Health authorities said the disease presents in the form of a respiratory illness.

A previously unknown disease making the rounds in the Democratic Republic of Congo (DRC) is a severe form of malaria, the country’s health ministry has announced.

Health authorities on Tuesday said the disease, circulating in the southwestern Kwango province, presents in the form of a respiratory illness.

Earlier this month, local authorities said the disease had killed 143 people in the country’s Panzi health zone in November, as fears surmounted about the mysterious illness.

“The mystery has finally been solved.
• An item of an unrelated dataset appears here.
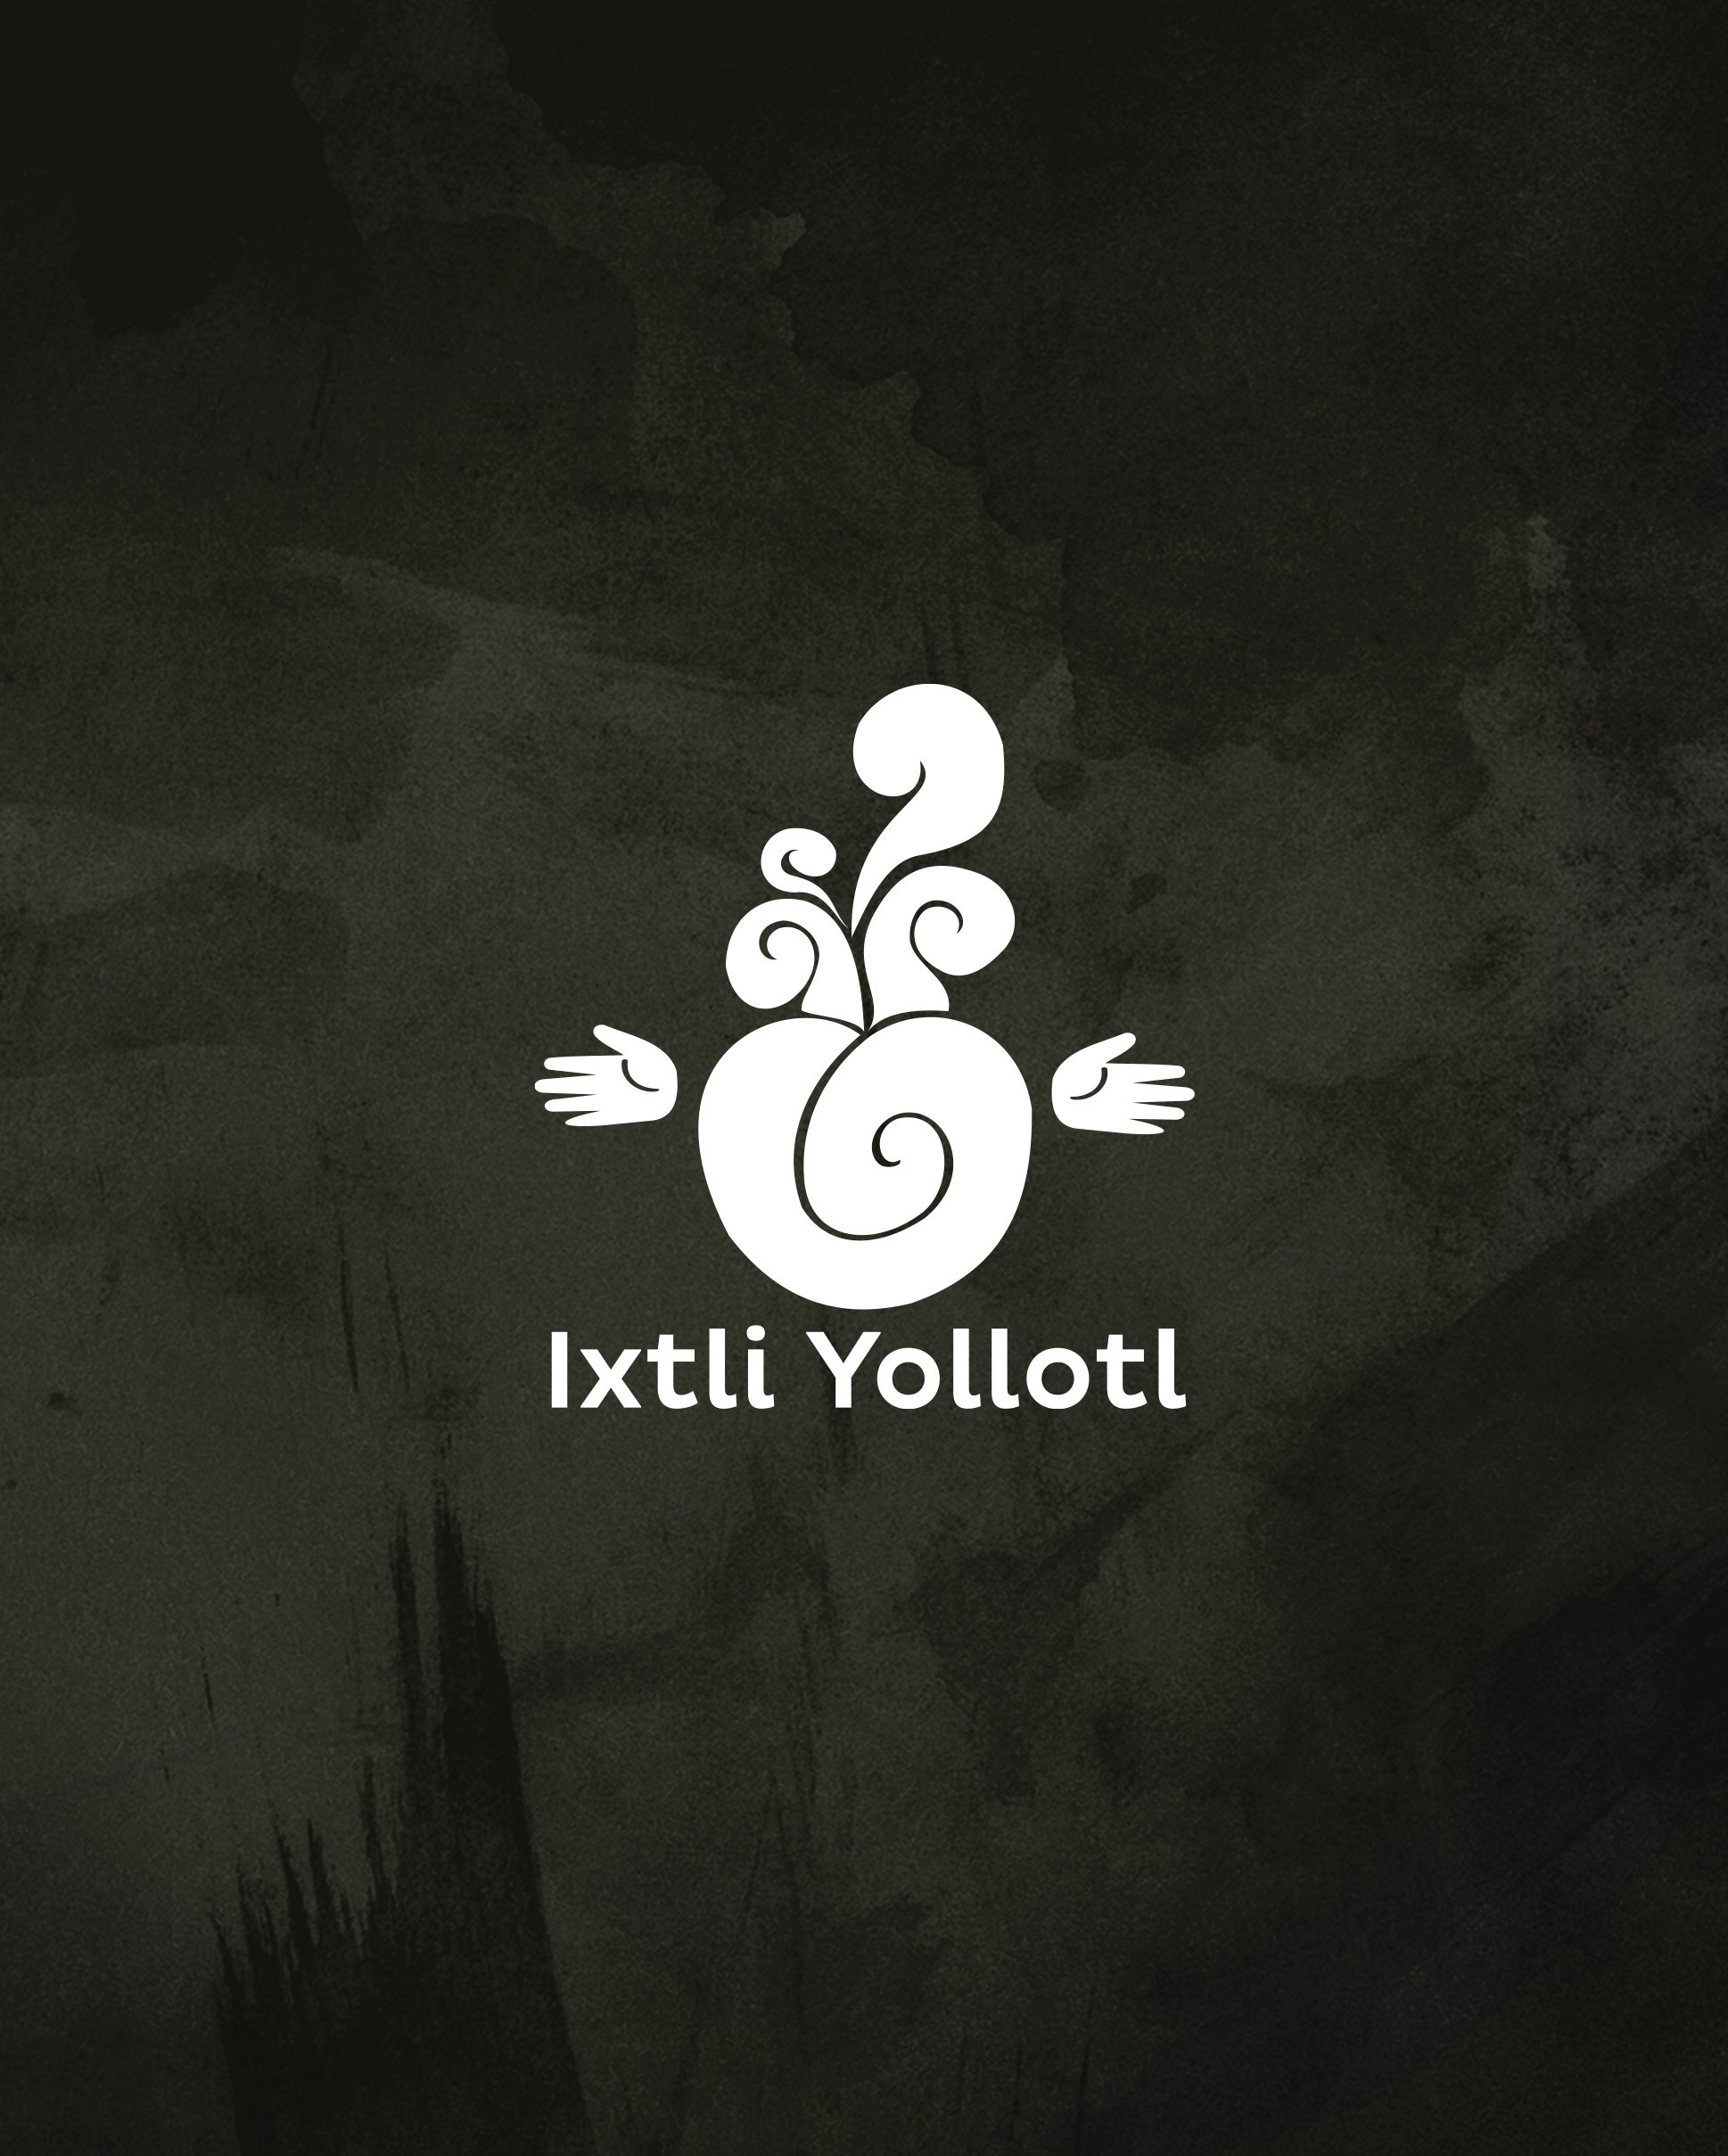 Ixtli Llolotl • Art direction, branding and identity.

It’s a case of severe malaria in the form of a respiratory illness,” the Ministry of Public Health said in a statement, adding that malnutrition in the area had weakened the local population, leaving them more vulnerable to disease.

The statement said that 592 cases had been reported since October, with a fatality rate of 6.2 percent.

Provincial health minister, Apollinaire Yumba, told the Reuters news agency that anti-malaria medicine provided by the World Health Organization was being distributed in the main hospital and health centres in the Panzi health zone.

A WHO spokesperson said more health kits for moderate and critical cases were due to arrive on Wednesday.

The symptoms of the disease are fever, headache, cough, runny nose and body aches.

Most of the cases and deaths are in children under 14, according to national health authorities, with children under five representing the majority of cases.

“Respiratory distress was noted in some children and some other people who died,” Congolese Minister of Health Roger Kamba said earlier this month, noting that some patients were anaemic, which was the cause of some of the deaths linked to the disease.

The outbreak of the disease is some 700km (435 miles) away from DRC’s capital, Kinshasa, with the Panzi health zone “rural and remote”, the WHO has said, which added challenges in investigating it.

A doctor at Panzi Hospital told Al Jazeera last week that the facility was not sufficiently equipped to deal with the outbreak.

According to the Severe Malaria Observatory, the DRC has the second-highest number of malaria cases and deaths globally. Malaria is also the country’s leading cause of death, according to the observatory.